The Lotus Sutra, or Saddharma Puṇḍarīka Sūtra in Sanskrit, is probably the most influential Sutras of South East Asian Buddhism. Its name is sometimes translated as ‘The Sutra of the Dharma-Flower of the Wonderful Law’, or ‘The Wonderful Dharma-Flower Sutra’. The earliest form of this Sutra was probably written down in the 1st and 2nd centuries CE, however some suggest it could have been as early as 100BC and is one of the first Sutras to use the term ‘Mahayana’. The Sutra was most influential in China, Japan and Korea, and is the central Sutra for the T’ian t’ai, Tendai and Nichiren Schools.
Many people often wonder why it was so influential, as when first read, it is often confusing with its length, many stories, parables, repetition, inconceivable numbers of Buddhas/Bodhisattvas/Arhants and many other beings, as well as its tendency to exalt itself as being the ‘best’ sutra. However, its truth lies in its inconceivability. The fact that it is so outrageous forces us to read deeper, rather than take things at face value. It is almost an unanswered question in itself, begging the reader to practice, learn and discover. After all, Buddhahood cannot be attained by knowledge alone, or by words on a page.
The text mostly contains stories and parables. These are not to be looked upon as historical fact, but rather as lessons for us to learn. It is important at this stage to note that the Chinese title of the Sutra 法華經“Fahua jing” meaning “Dharma-flower Sutra” is often identified as the Lotus flower – the symbol of Enlightenment, hence the sutras modern name of “Lotus Sutra”. The lotus is born from the crud at the bottom of a murky pond, then over time, reaches up to the surface where it blooms. However, “Fahua” can also be translated as “Dharma-flowering”. This name seems more fitting and the main teaching of the Lotus Sutra is that all the previous teachings given by the Buddha were leading to this point, where he gives his “final” teaching. This symbolism of a Lotus in the process of flowering is also a mirror of our own path, our own lives. We are Dharma Flowers, Buddhas in the making, and we are ‘flowering’ on the path to enlightenment.

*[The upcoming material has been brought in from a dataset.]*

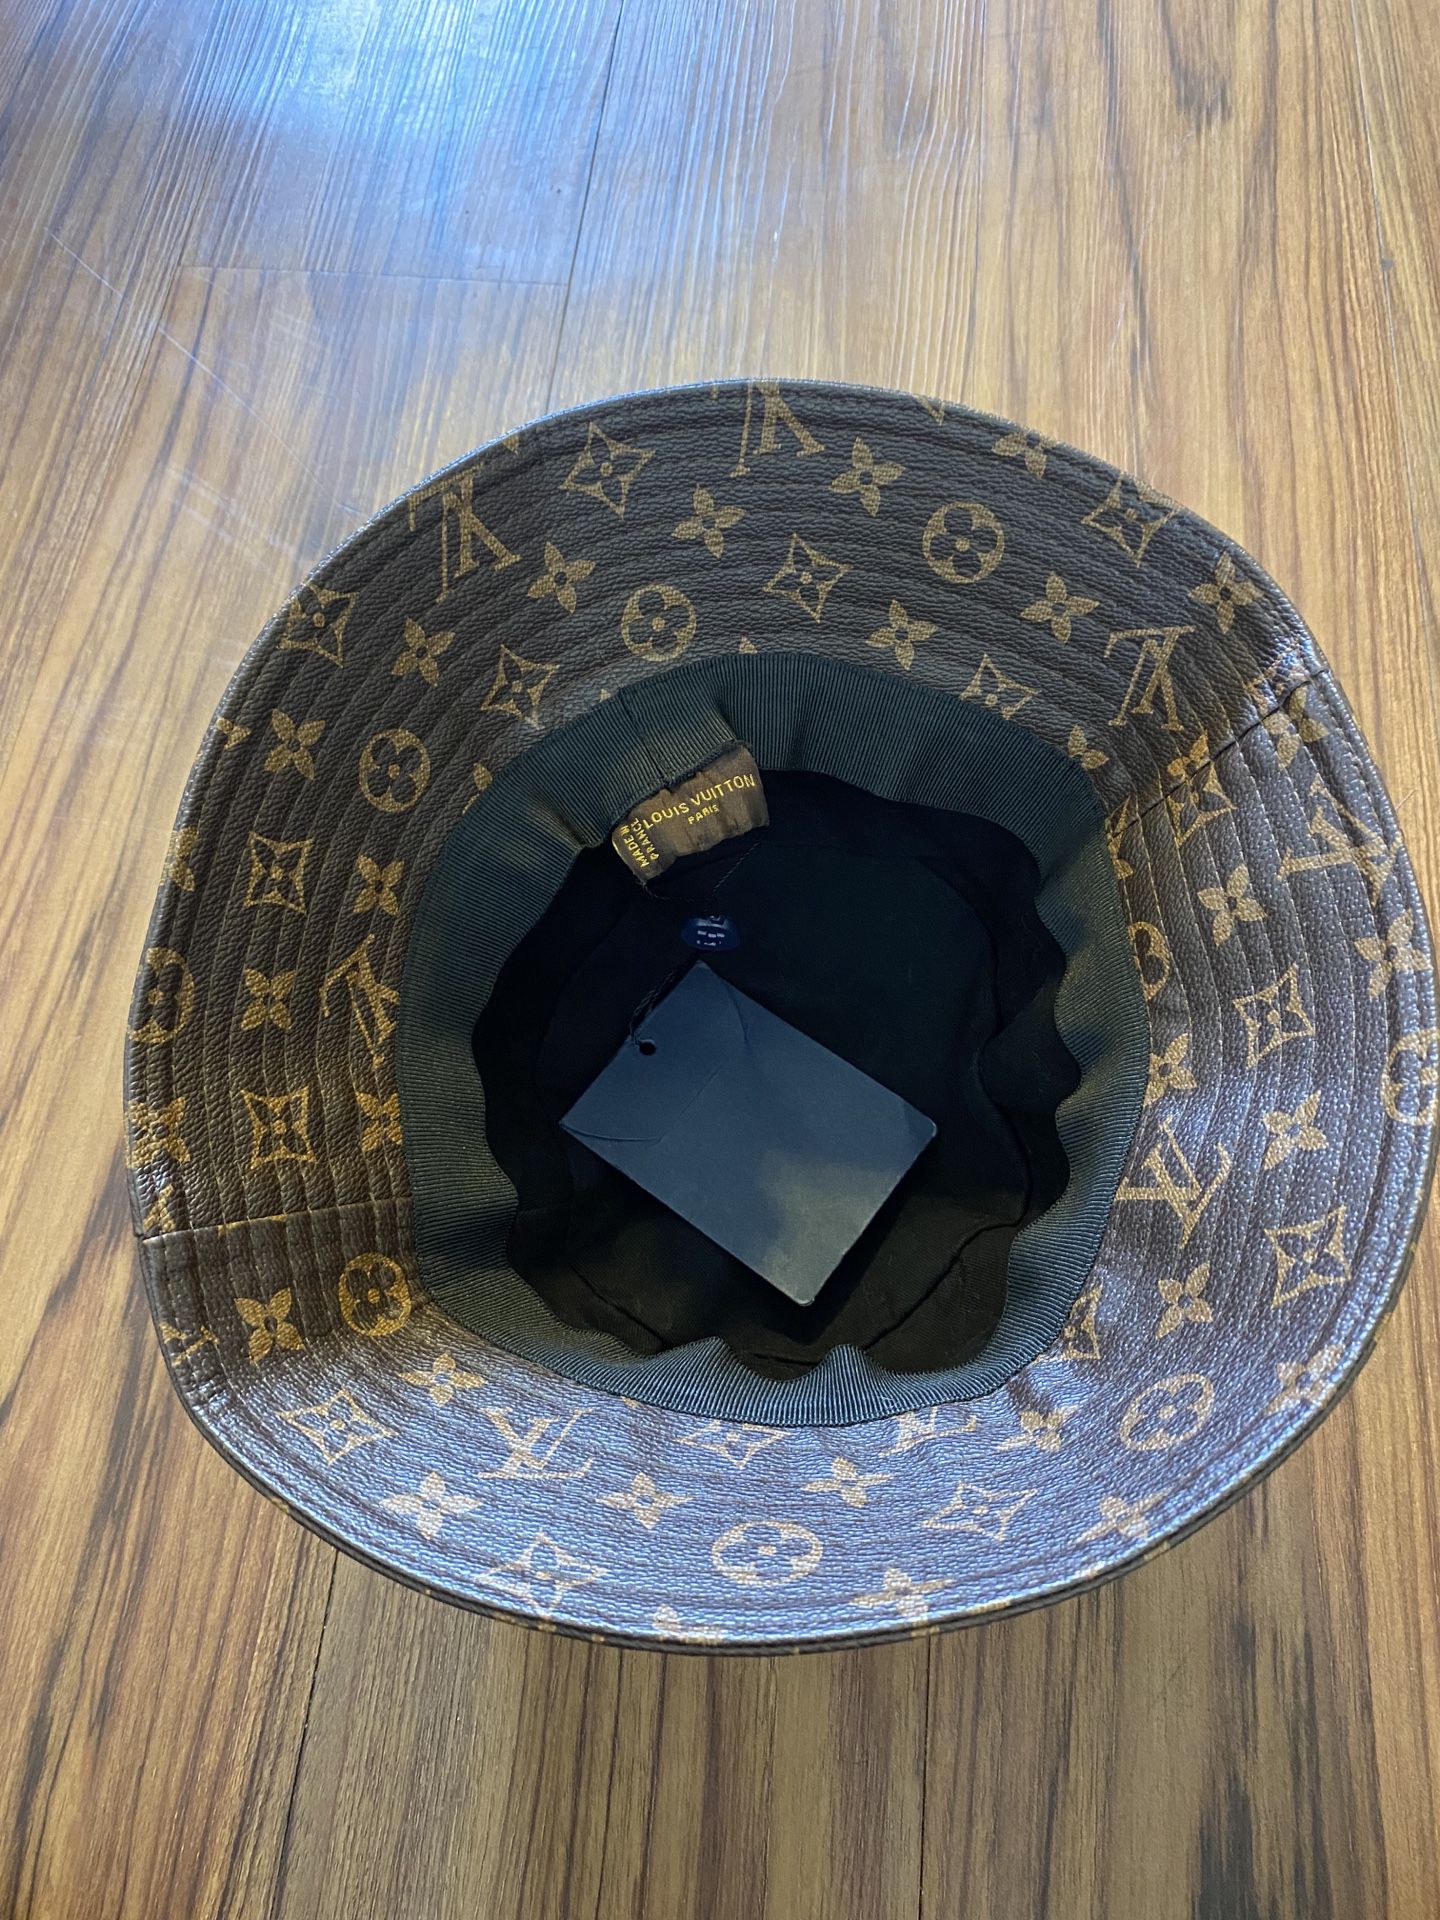 Louis Vuitton denim bucket hat for Sale in Long Beach, CA - OfferUp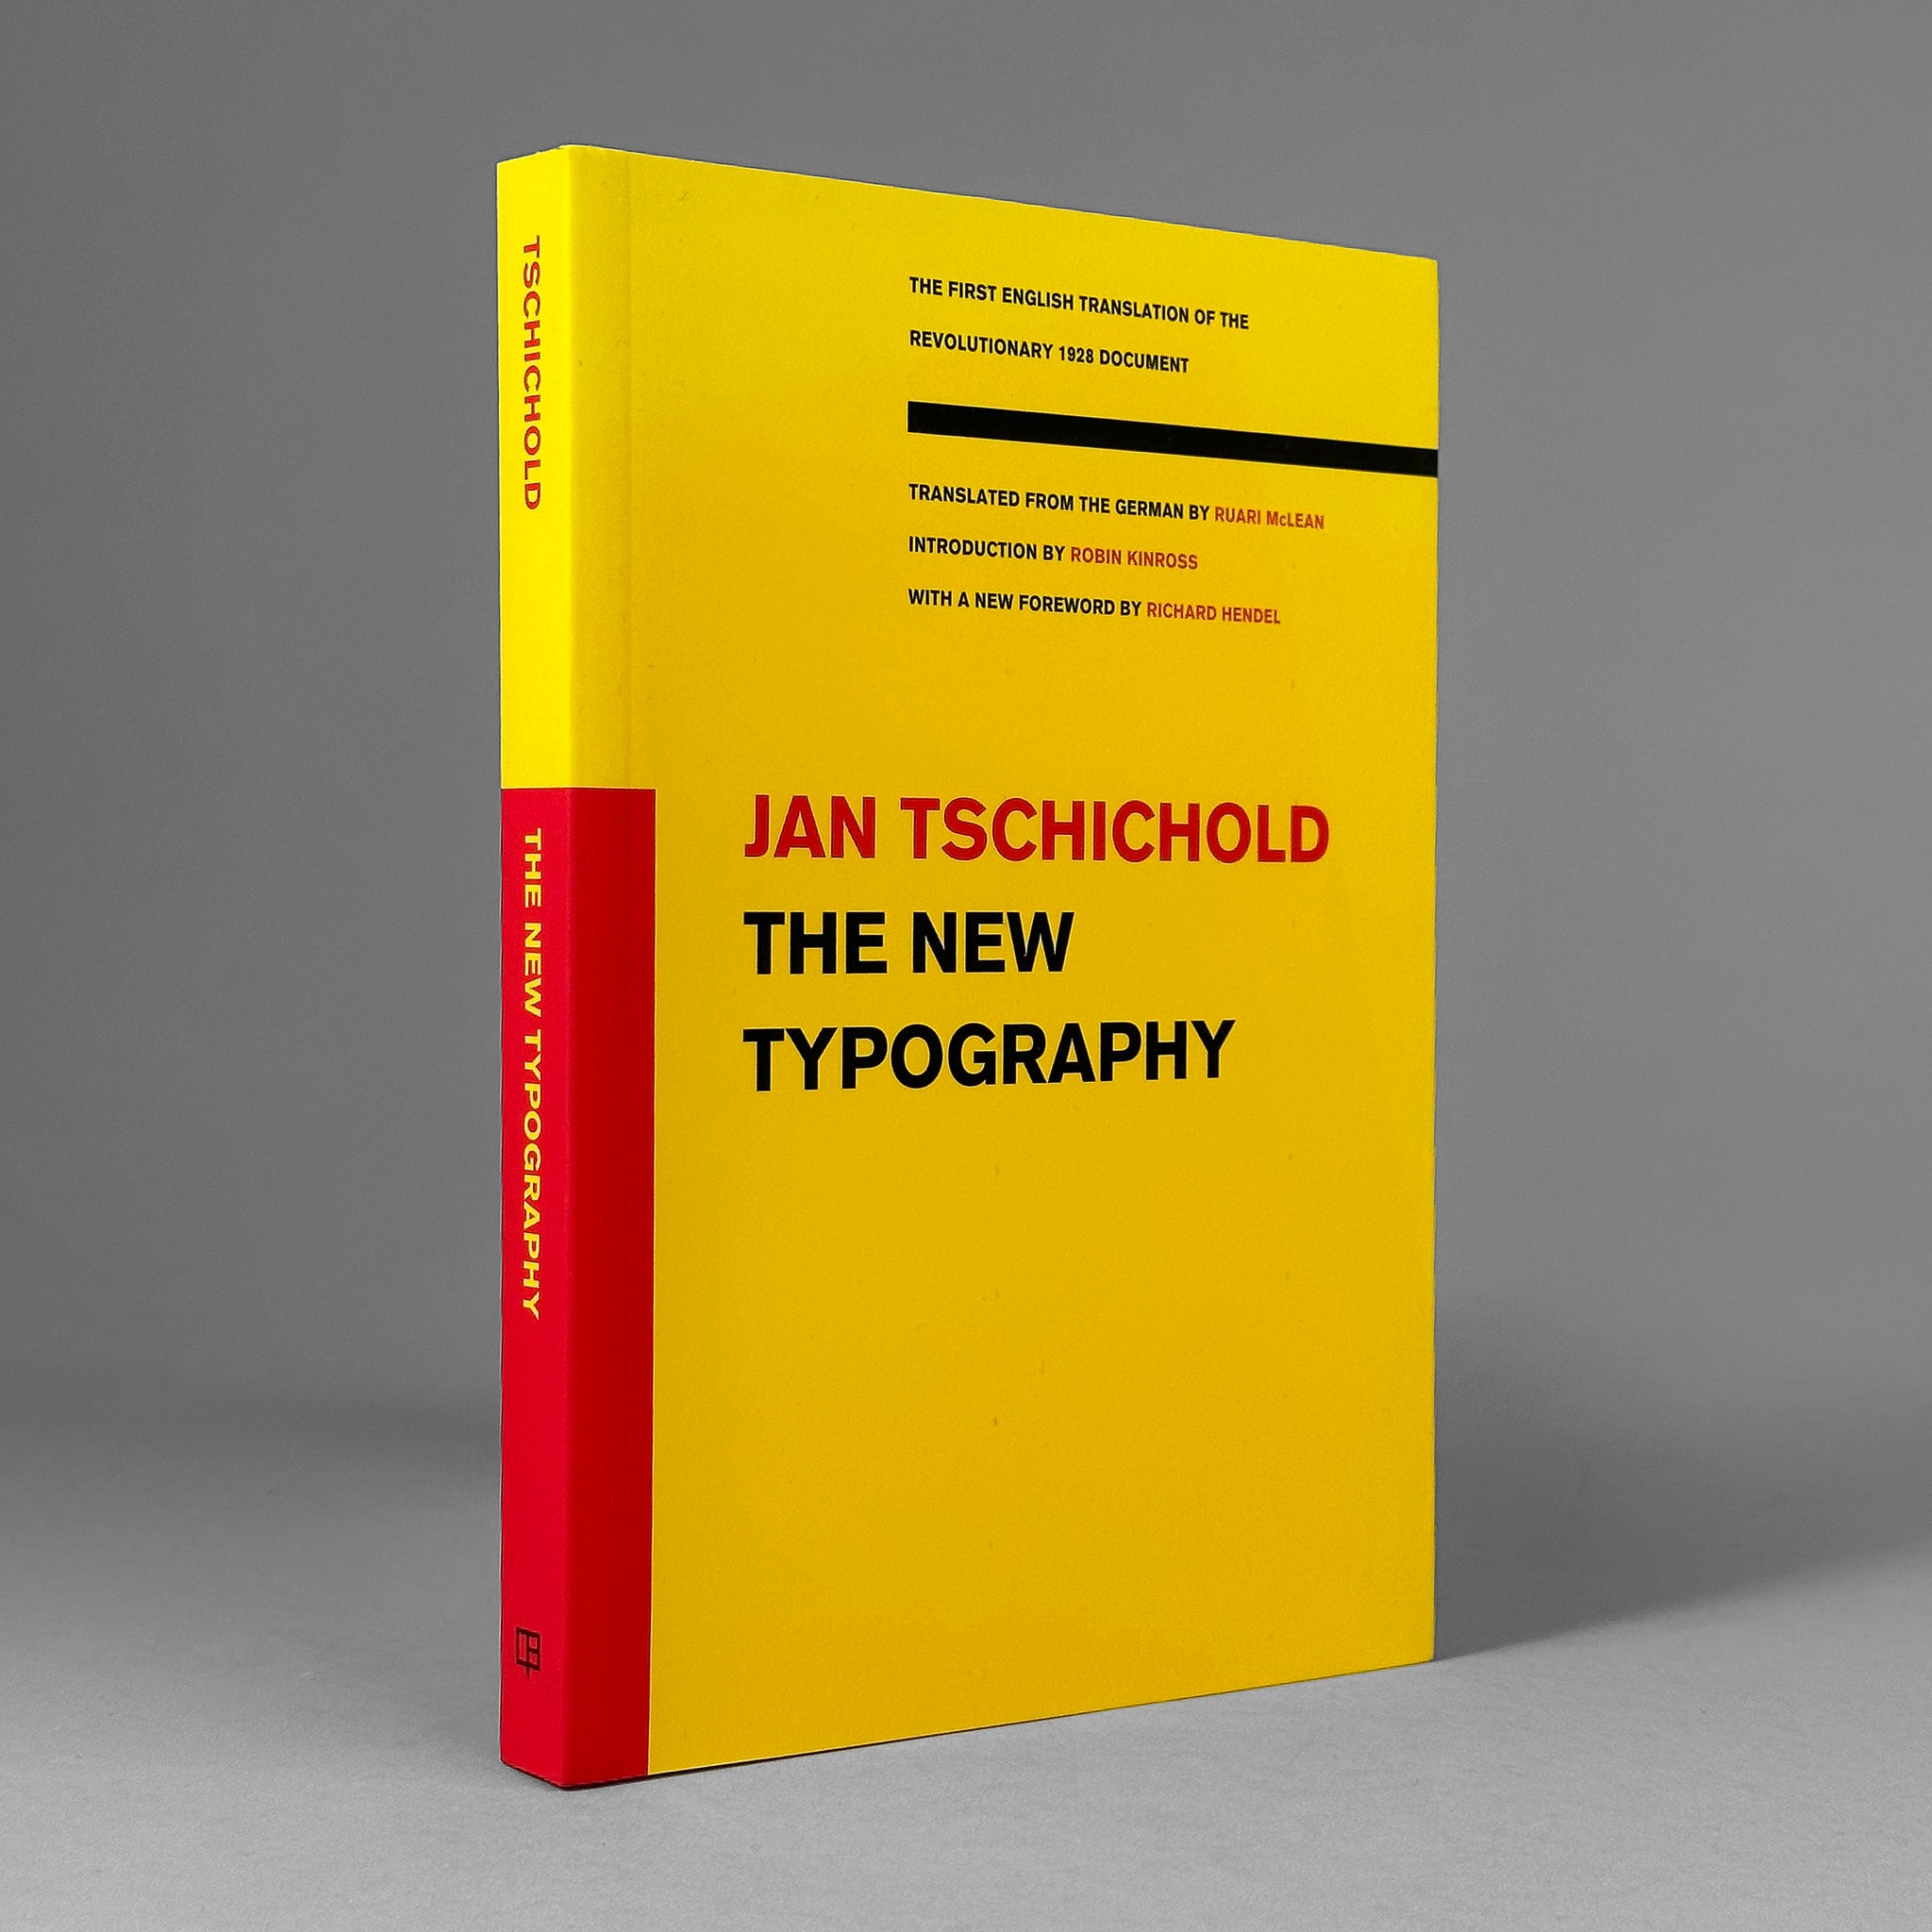 The New Typography [Die neue Typographie]

One of the Sutras key teachings is Upaya, or expedient means. The Sutra tells us that all the different schools of Buddhism are but a tool used to get us to a specific destination. They are a means to enlightenment, not enlightenment itself. The highest teaching of the Lotus Sutra that is so exalted is that all the different schools are in fact one school – The Ekayana, and that all beings have potential to become Buddhas.